ASSIGNED TASK: Only the pictures are dropped. Restate each line below word for word.

RAW DATA:
◇ ◇ ◇

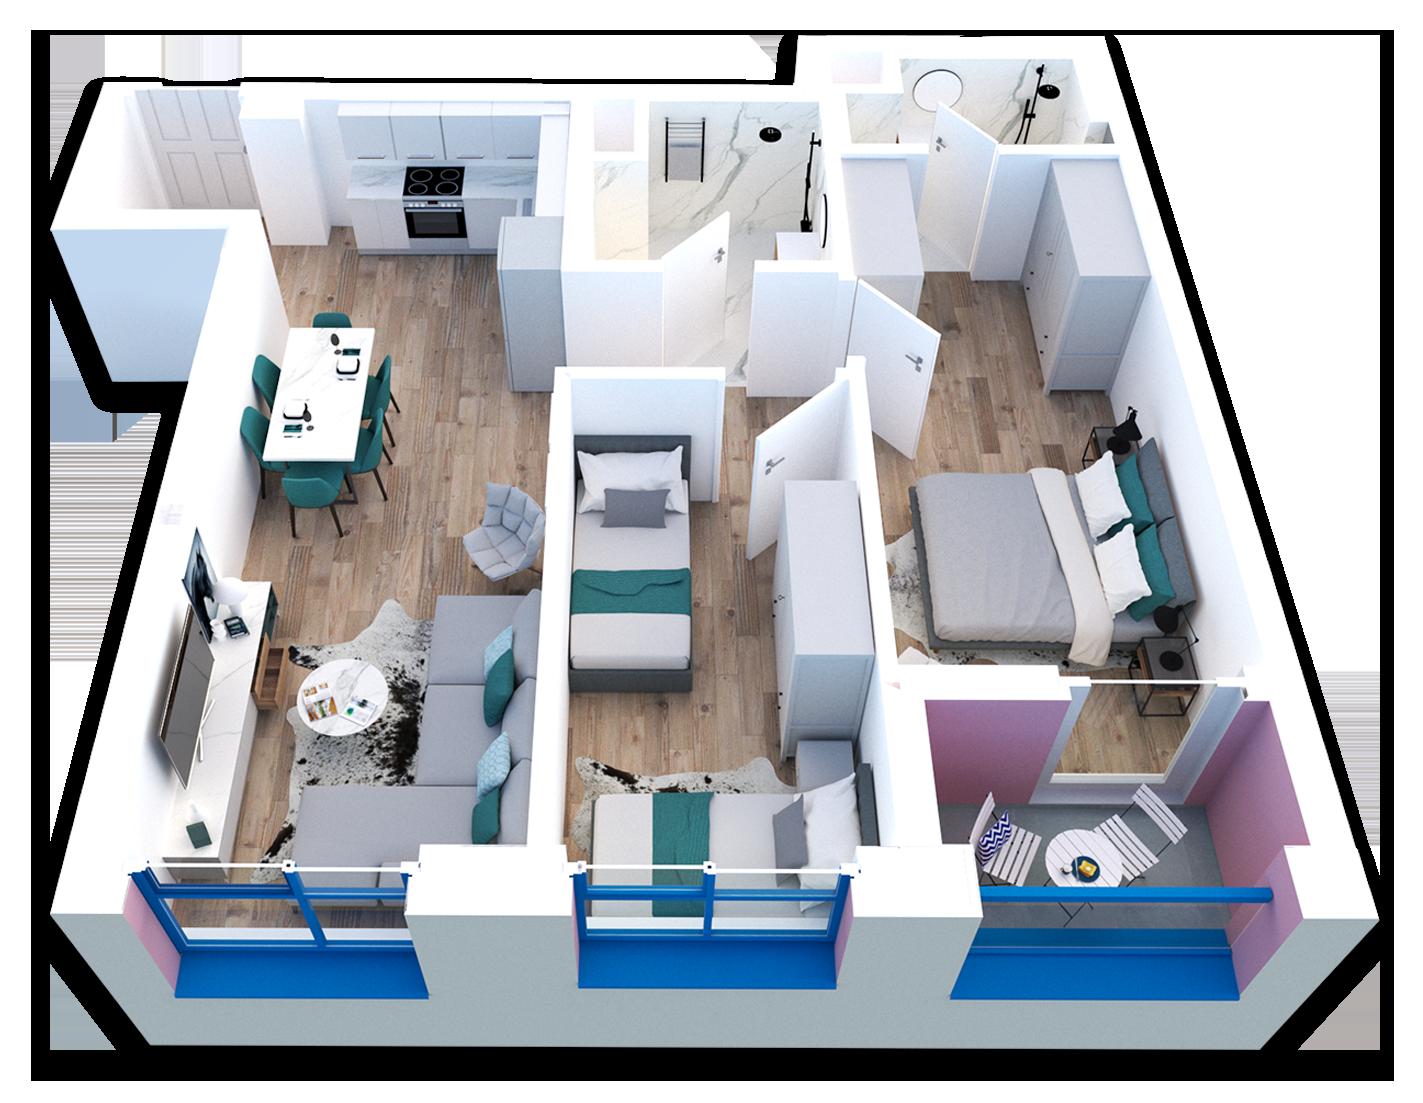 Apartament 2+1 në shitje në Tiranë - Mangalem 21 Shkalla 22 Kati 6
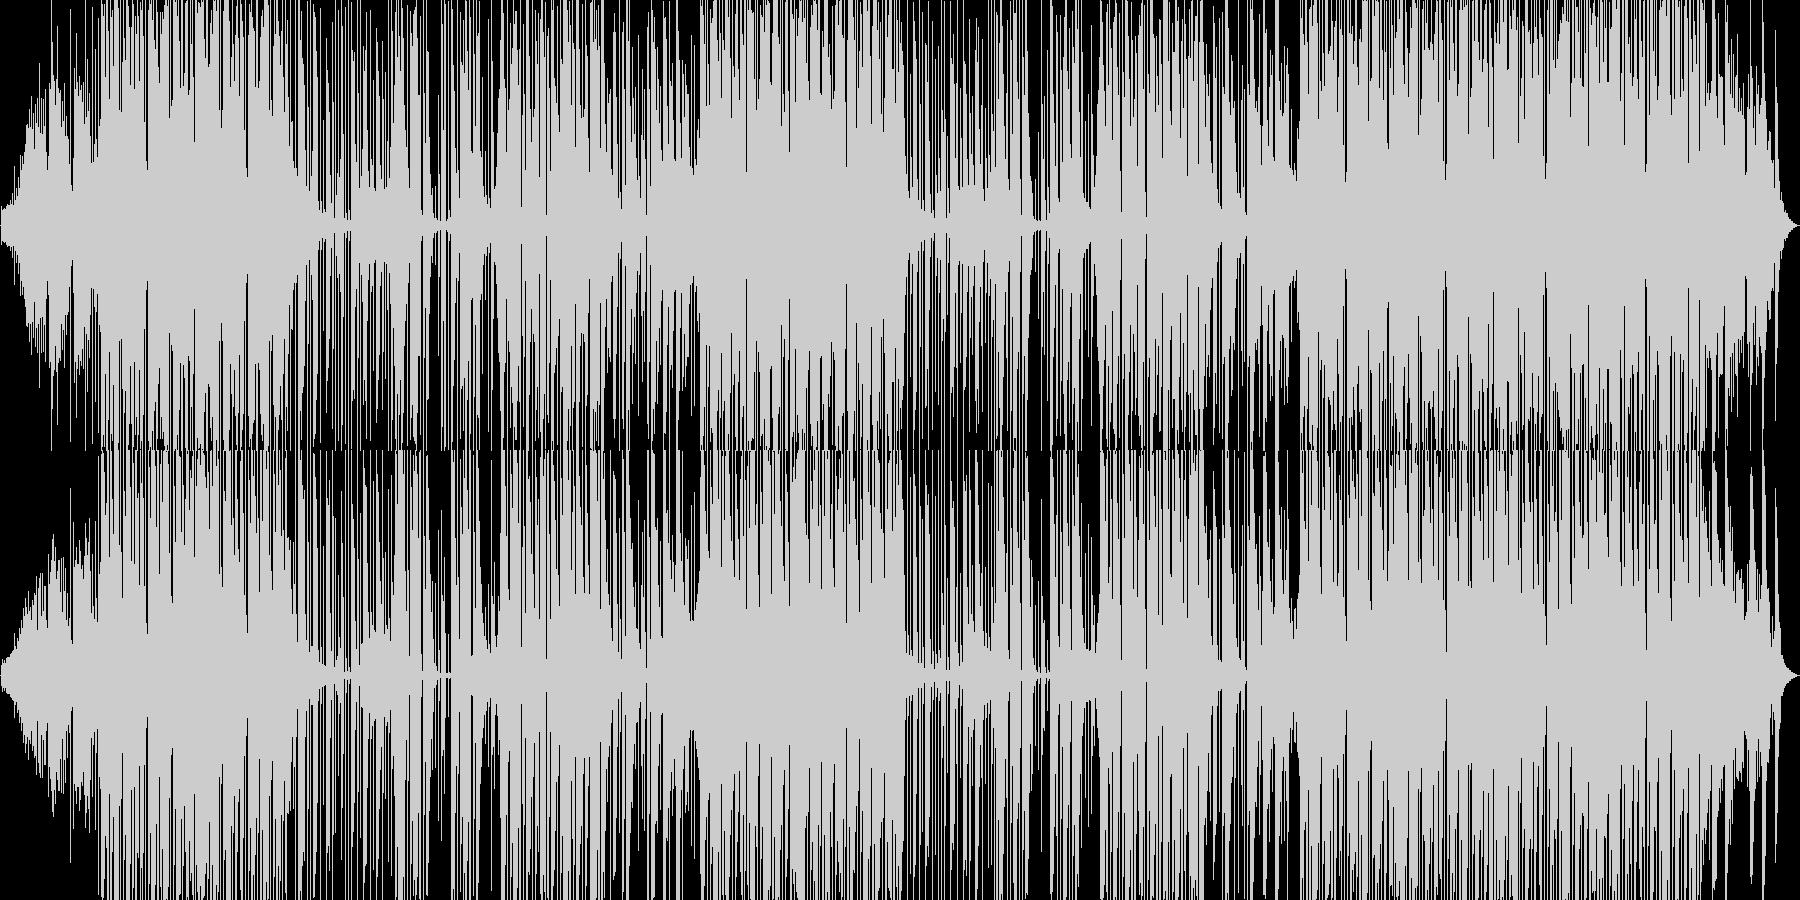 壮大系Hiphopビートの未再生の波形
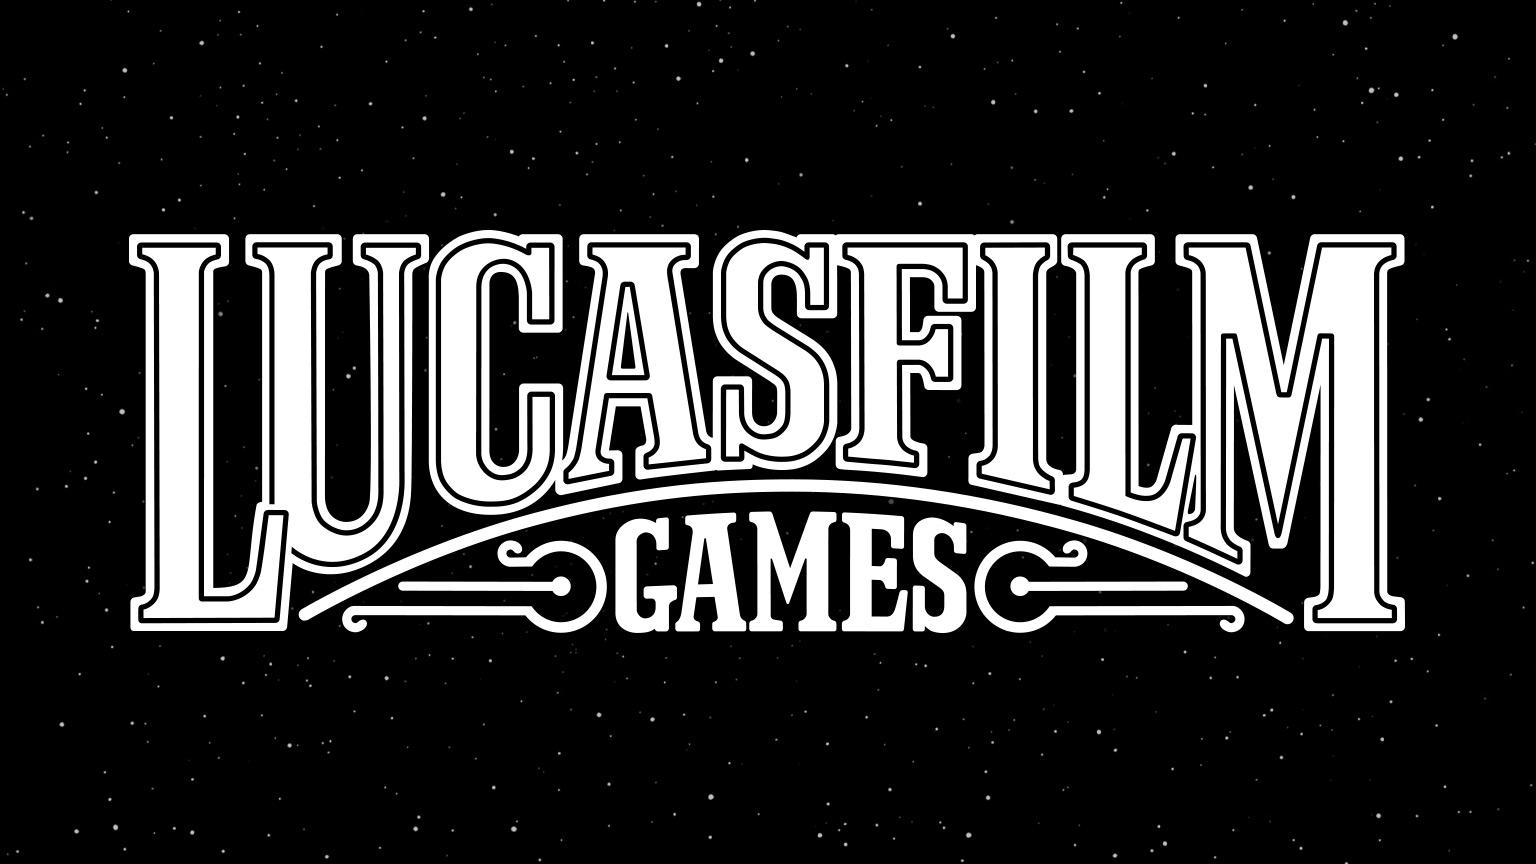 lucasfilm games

◇ ◇ ◇

REPLY TO THE TASK:
 Apartament 2+1 në shitje në Tiranë - Mangalem 21 Shkalla 22 Kati 6
 壮大系Hiphopビートの未再生の波形
 lucasfilm games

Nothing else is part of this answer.